I'd say we see it about equal to everything else that's decent. The biggest problem with it is the price and performance. It's terrible on both counts. And the cost is so bad that it causes support issues (you can simply pay for spare Ubiquiti gear cheaper than you can support Cisco gear) so you actually tend to get way better "support" from Ubiquiti for less money.
SonicWall is obviously garbage, that's a brand made just for resellers. So discount that. Beyond that, we see them all have issues, and all be decently solid when treated well. Cisco has a bit more of a reputation for quality of support people, but less of a reputation for performance. But as of late, Cisco's security posture has become a bit infamous and using them as a firewall is a bit... questionable.
-
@scottalanmiller said in ISP Failover with Cisco ASA:
Meraki is actually a mid-level Cisco router. If you see problems on Meraki (and we all do), you are seeing Cisco issues. Cisco makes higher and lower level stuff under the Cisco brand. And a very specific range under the Cisco Meraki brand.
There's a reason I say meraki (or linksys) and not cisco. Those may have been companies acquired by Cisco, but it's not the same tech, and I do not consider it real cisco
-
@scottalanmiller I can only relate to my own experience with them, and while it's not as significant as my experience with server hw or opensource virt stuff, I've gone through several hundred units of various vendors over the years. My experience with cisco has always been good. My experience with Juniper was pretty much on par. The same goes for checkpoint. The rest... not so great.

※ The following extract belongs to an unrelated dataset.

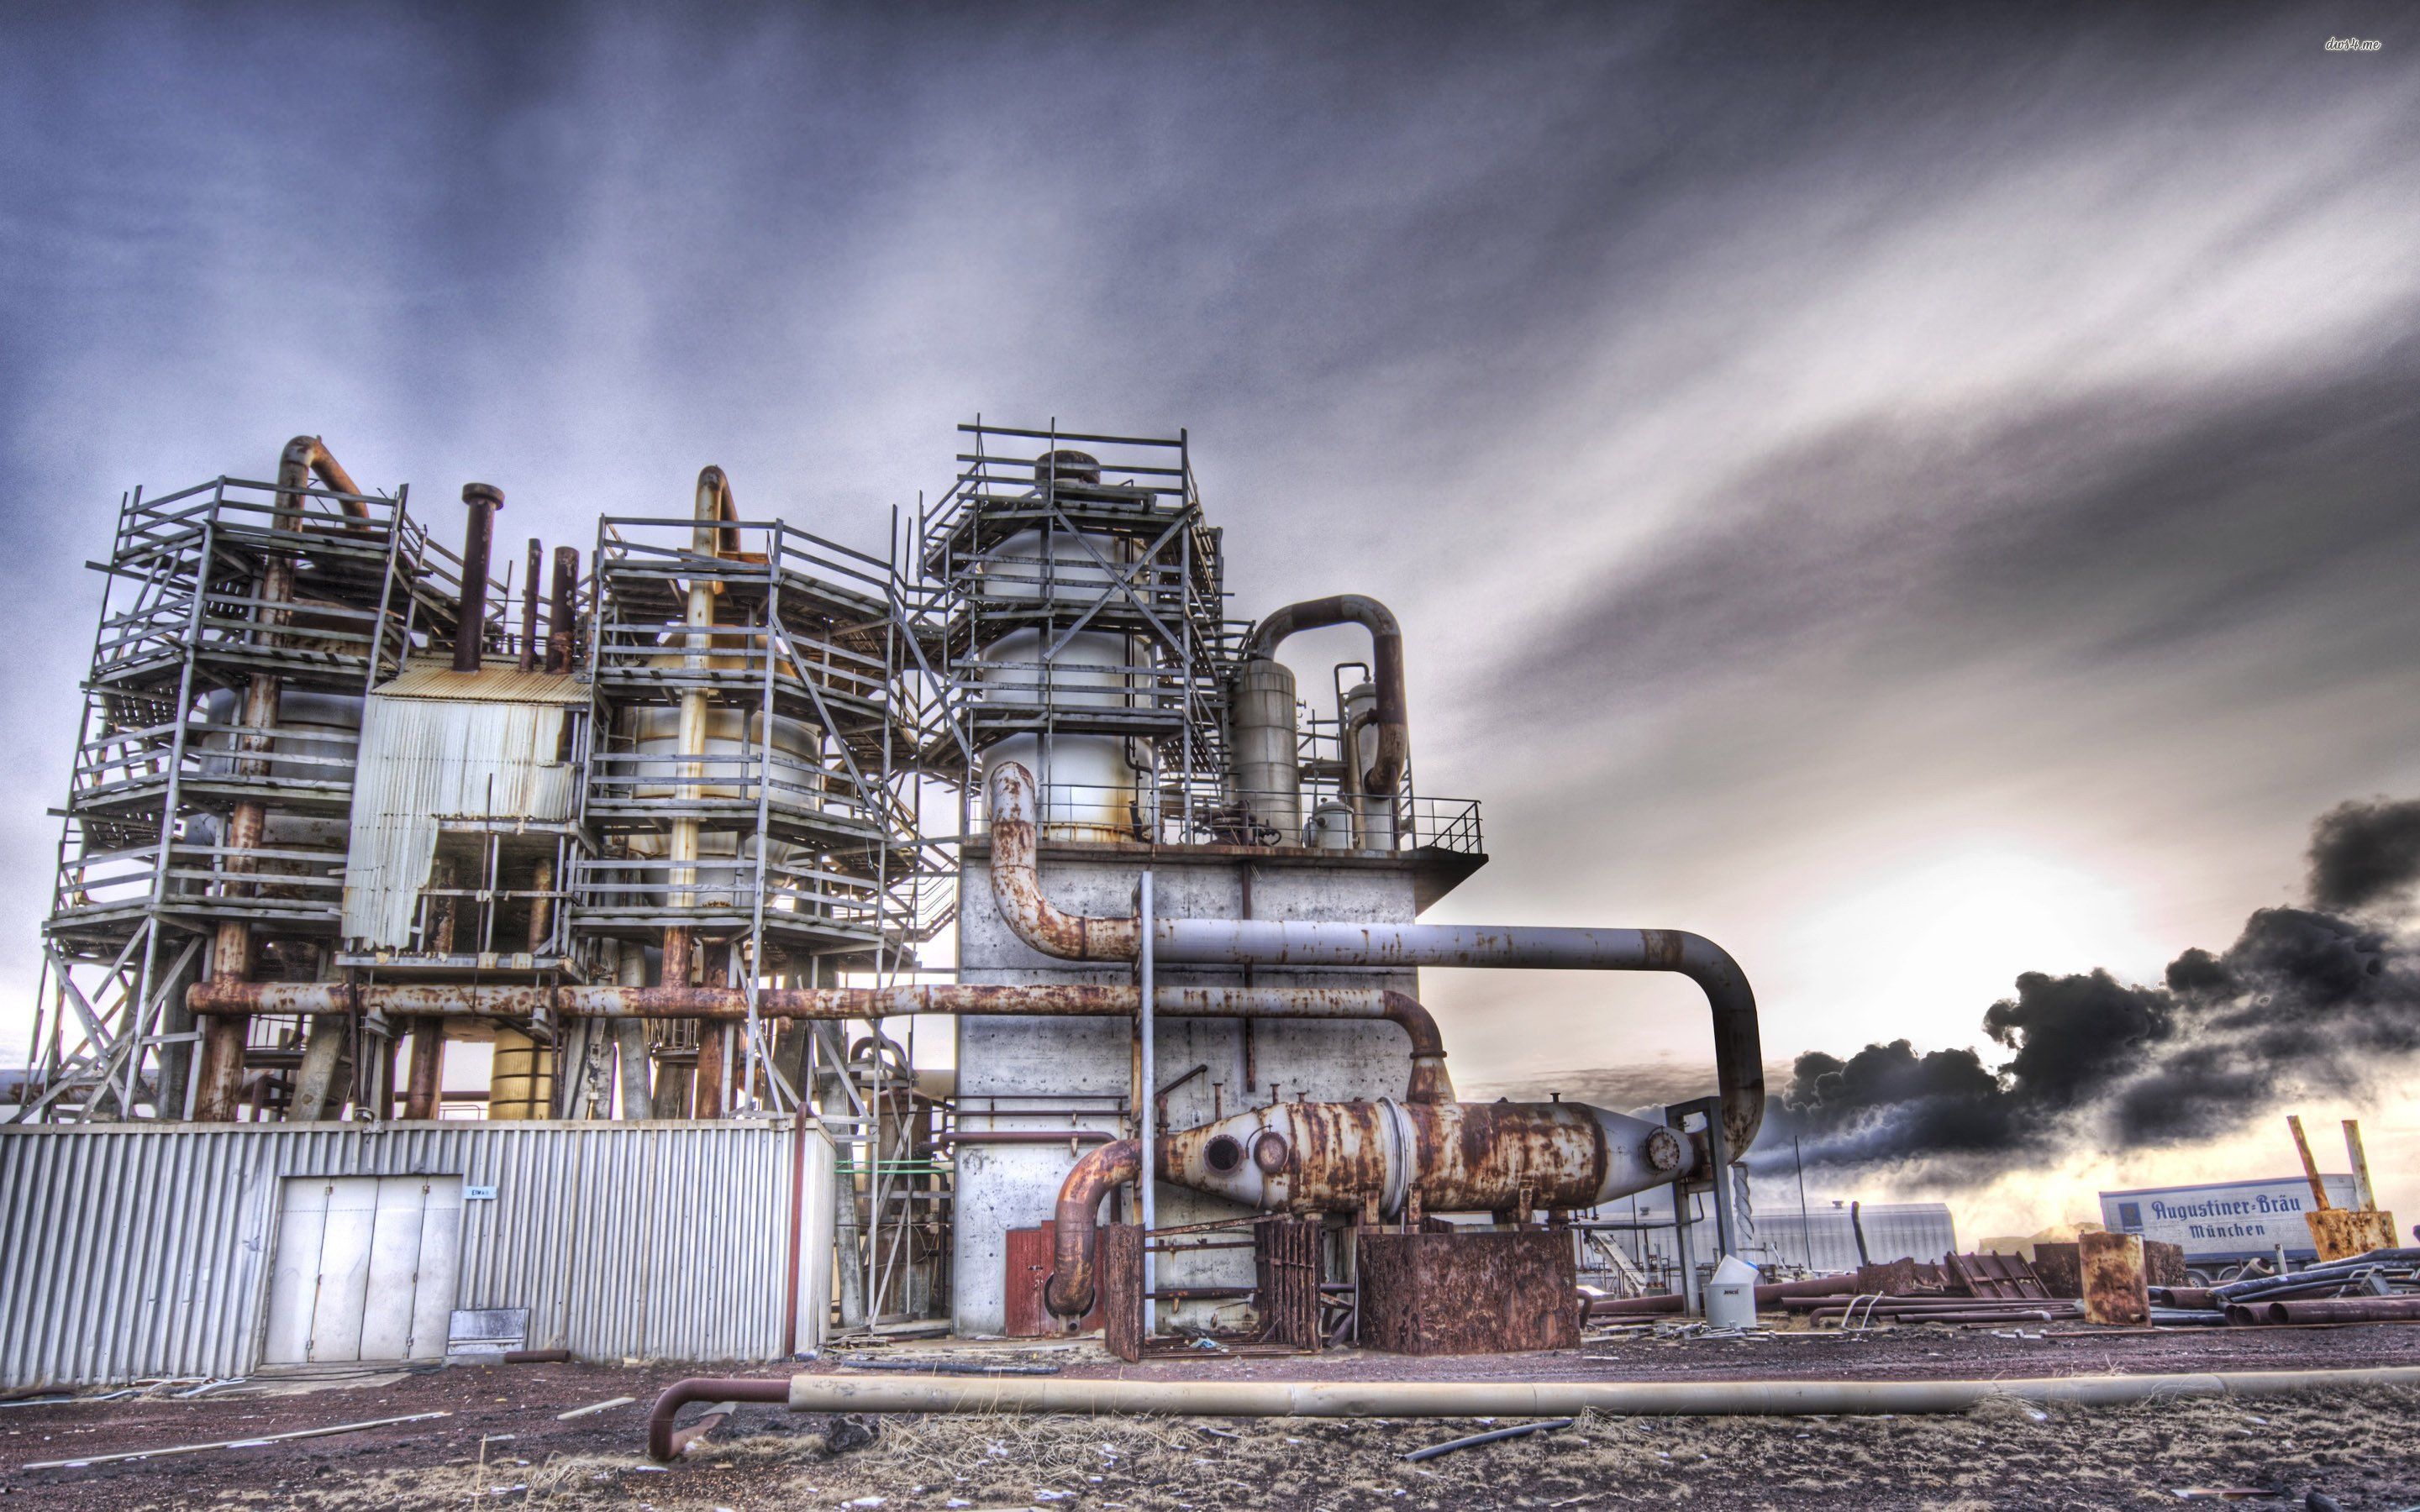 Power Plant Wallpaper. Power plant, Industrial architecture, Geothermal

When I do a consulting gig building a DC, I always try to balance budget oriented solutions with hardware that is not going to be problematic. So when the client can afford cisco, we take it. When not, well, we look for solutions.
-
@dyasny said in ISP Failover with Cisco ASA:
There's a reason I say meraki (or linksys) and not cisco. Those may have been companies acquired by Cisco, but it's not the same tech, and I do not consider it real cisco
That's mostly true. But Cisco considers it real Cisco and it shows their view of themselves. And that, I always think, is important. Cisco doesn't seem themselves as an enterprise player. And I've been in sales meetings with Cisco and that definitely comes through when talking to them.
-
@dyasny said in ISP Failover with Cisco ASA:
My experience with Juniper was pretty much on par. The same goes for checkpoint.
Much more limited on Juniper, but yes, always good.